• **TASK INSTRUCTIONS**: The data below should be transcribed in full, with no picture included.

• **DATA BELOW**:

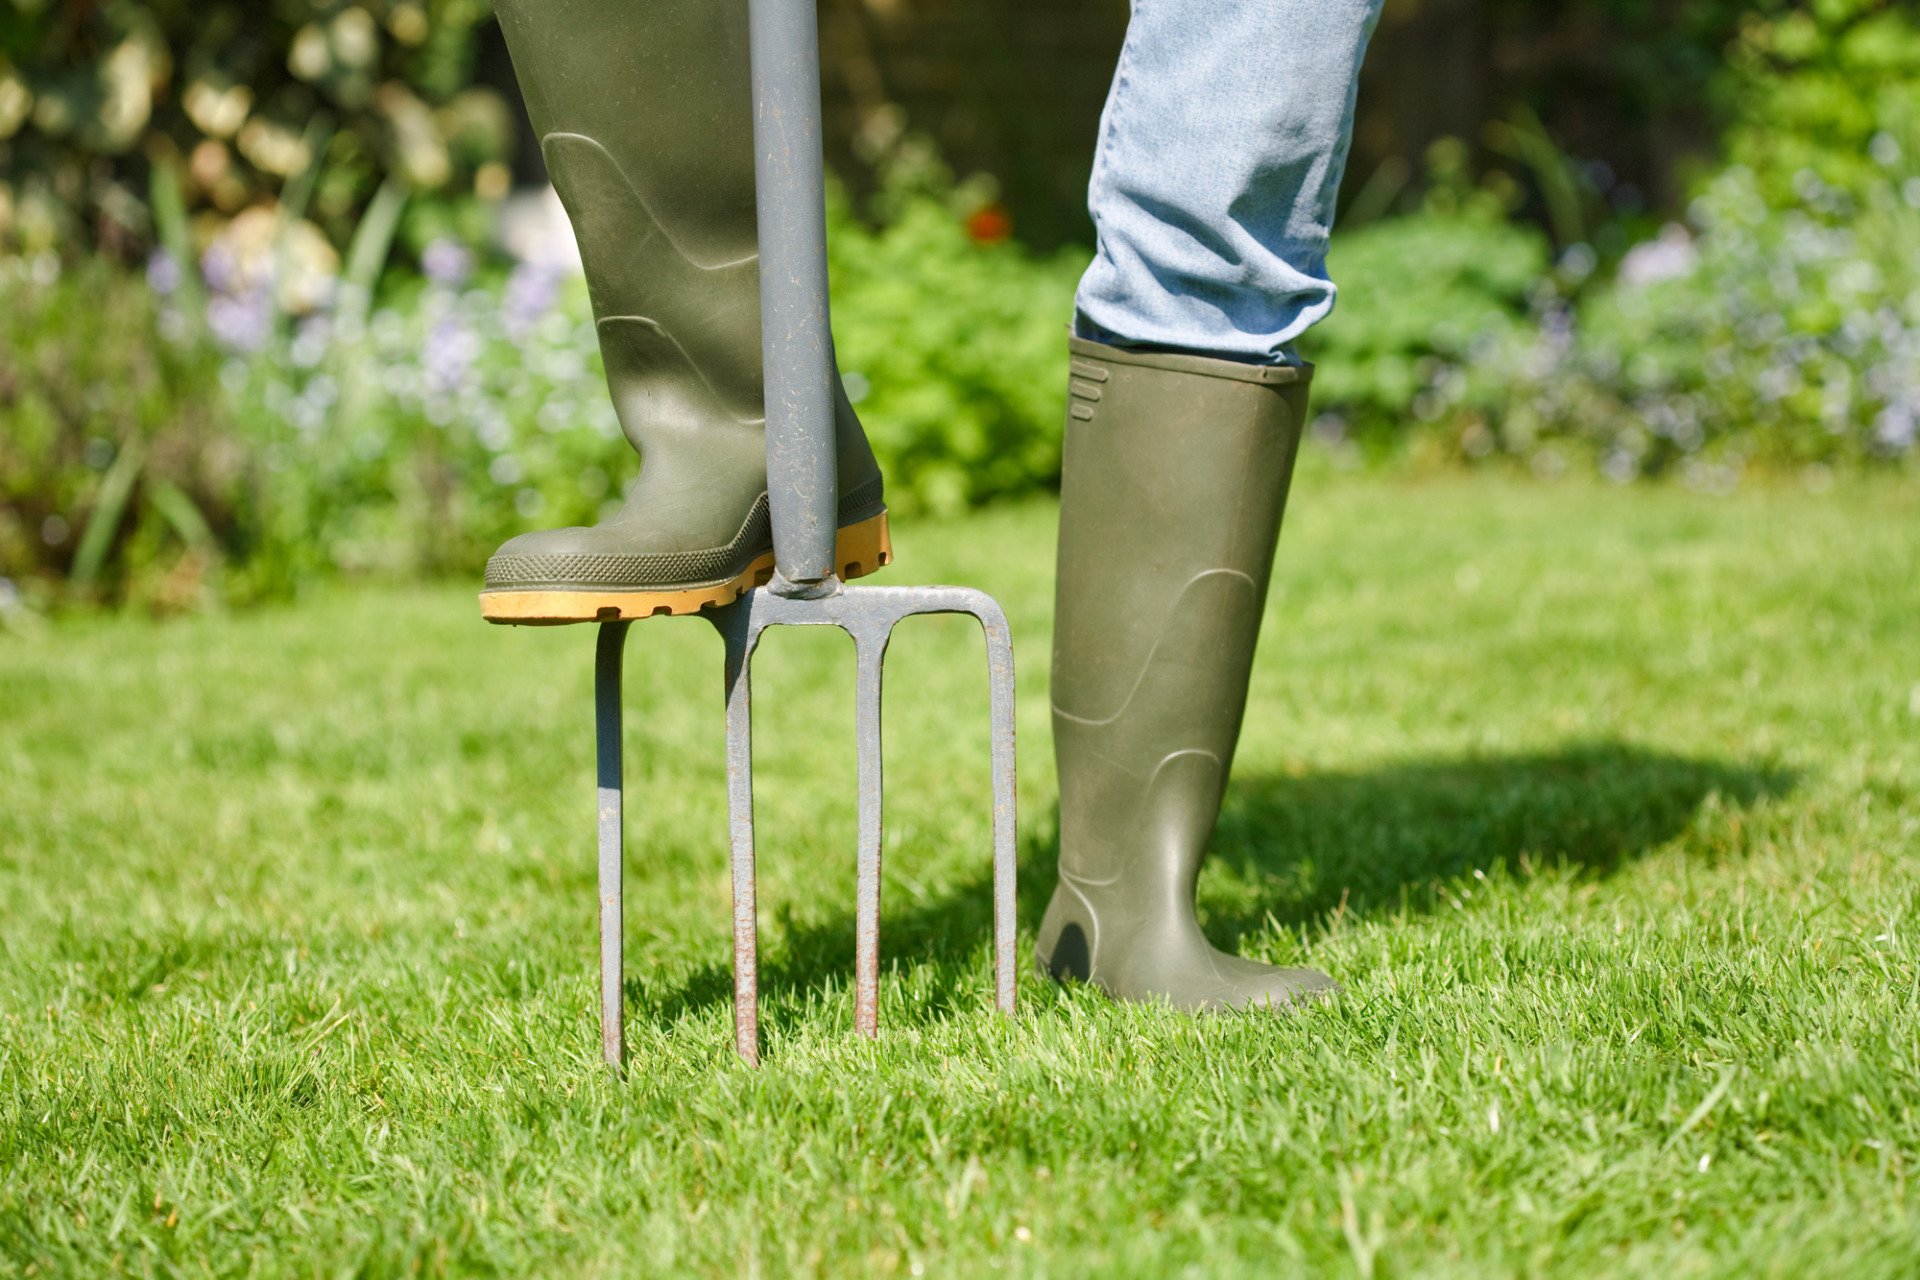 summer lawn care tip #5: aerate your lawn
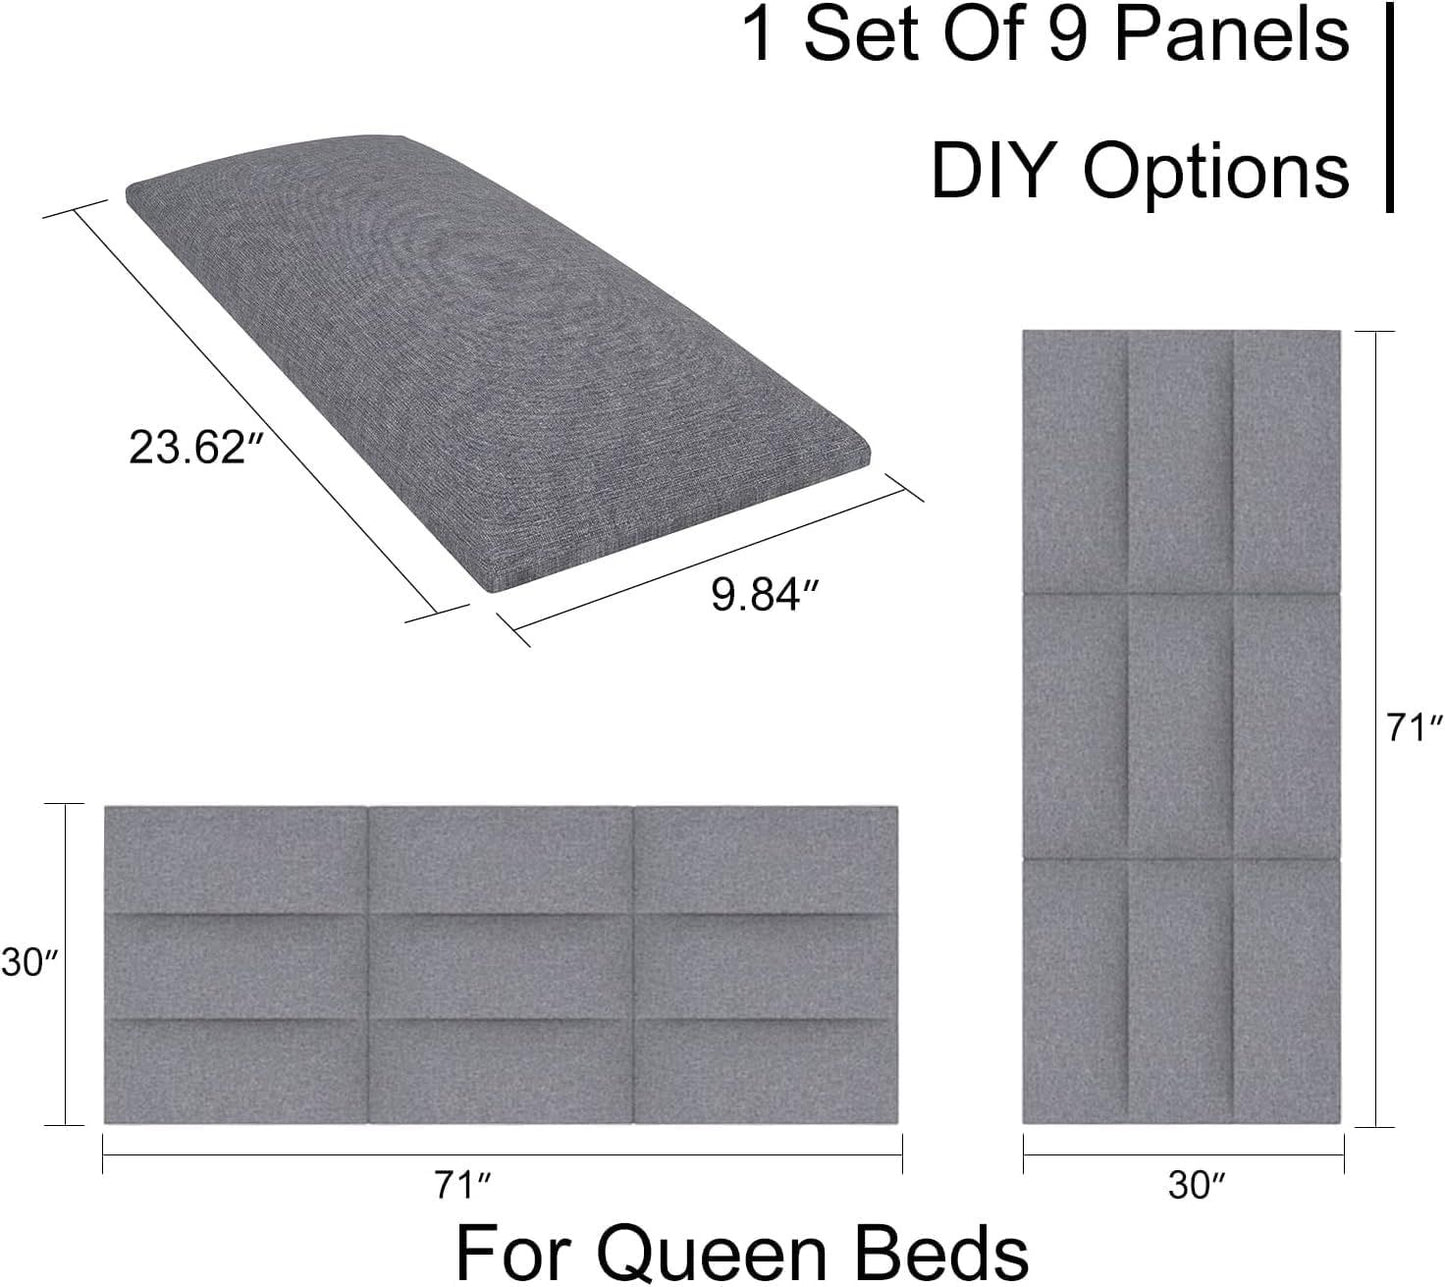 Tbfit Upholstered Wall Mounted Headboard, Soundproof Peel and Stick Headboards for Queen Size Bed, Tufted Floating Dorm Bed Pack of 9 Panels Sized 10" - Selzalot
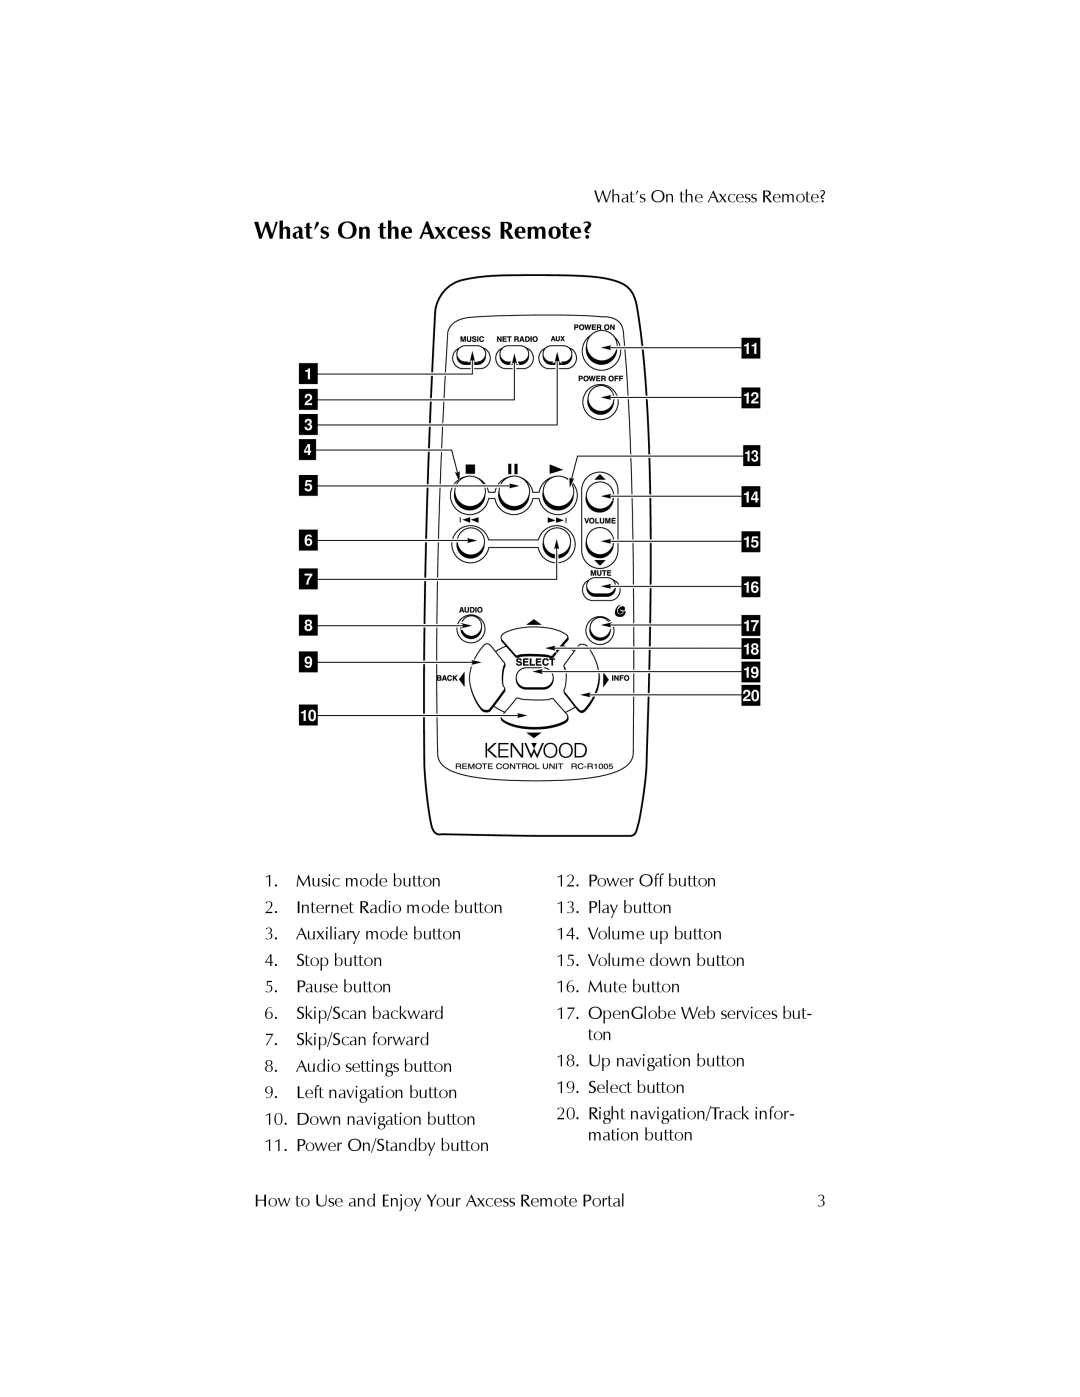 Kenwood REMOTE PORTAL AXCESS manual What’s On the Axcess Remote?

• **WRITTEN ANSWER**:
 summer lawn care tip #5: aerate your lawn
 Tbfit Upholstered Wall Mounted Headboard, Soundproof Peel and Stick Headboards for Queen Size Bed, Tufted Floating Dorm Bed Pack of 9 Panels Sized 10" - Selzalot
 Kenwood REMOTE PORTAL AXCESS manual What’s On the Axcess Remote?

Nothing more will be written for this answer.